- Instructions for the task -
In the listing below, a line holding "George Strait song: Arkansas Dave, lyrics" and a line holding "S&T Moore. Fynch" mark the range. Retype both exactly, with all lines between them.

- Records supplied -
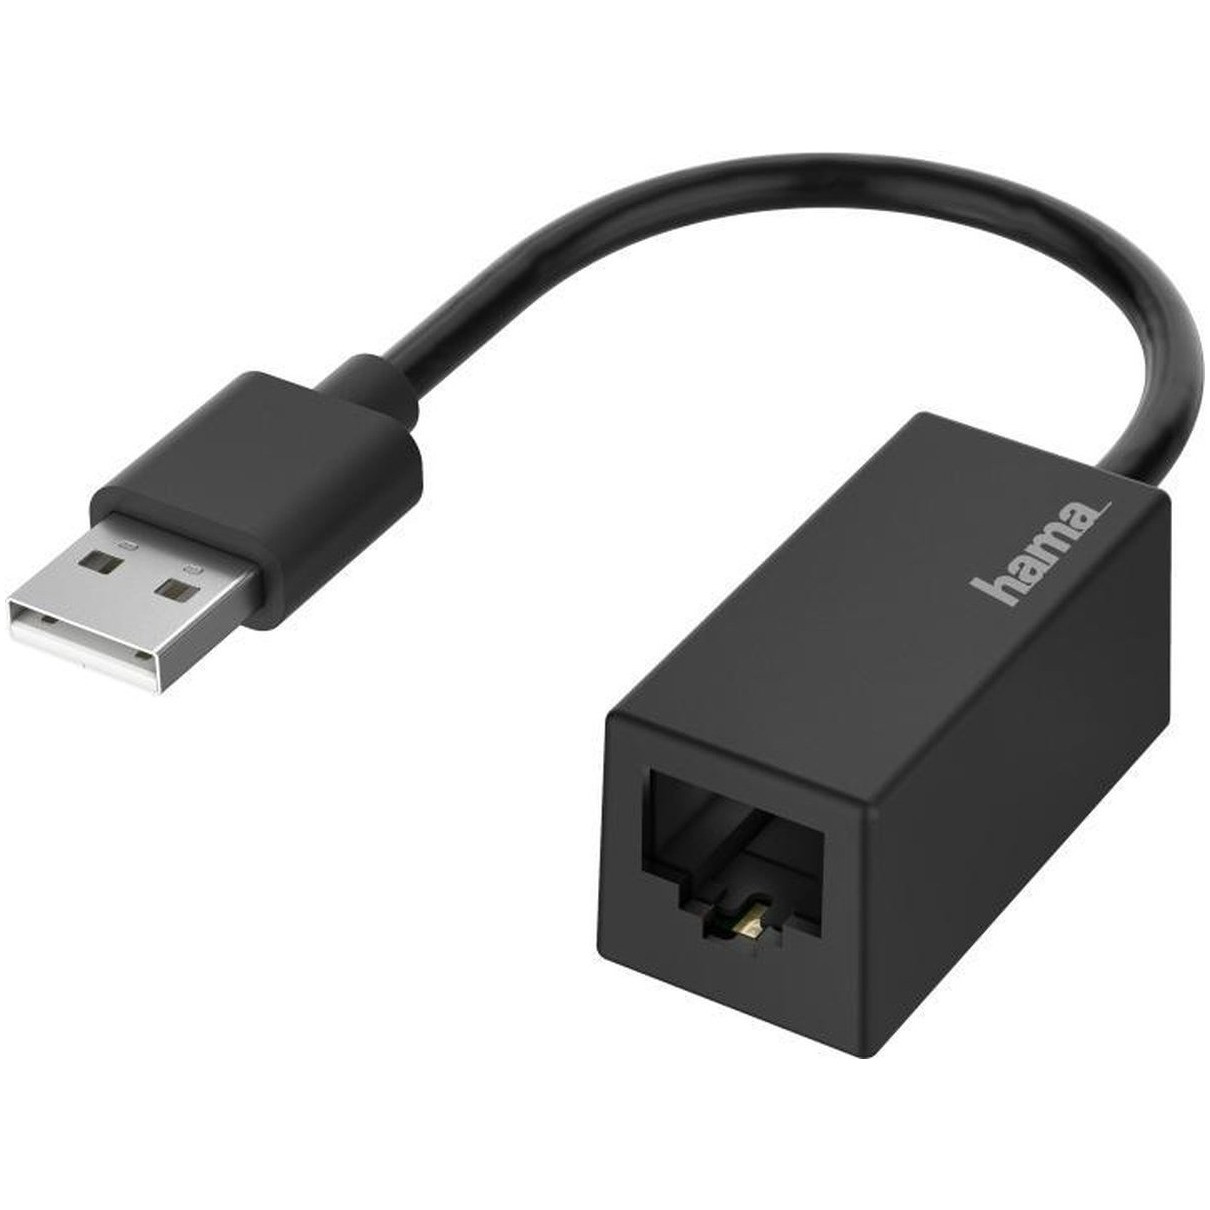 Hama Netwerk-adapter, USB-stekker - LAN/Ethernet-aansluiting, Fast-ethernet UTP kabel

...

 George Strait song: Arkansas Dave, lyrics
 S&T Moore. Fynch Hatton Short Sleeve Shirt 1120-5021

- Answer space -
 George Strait song: Arkansas Dave, lyrics
 S&T Moore. Fynch Hatton Short Sleeve Shirt 1120-5021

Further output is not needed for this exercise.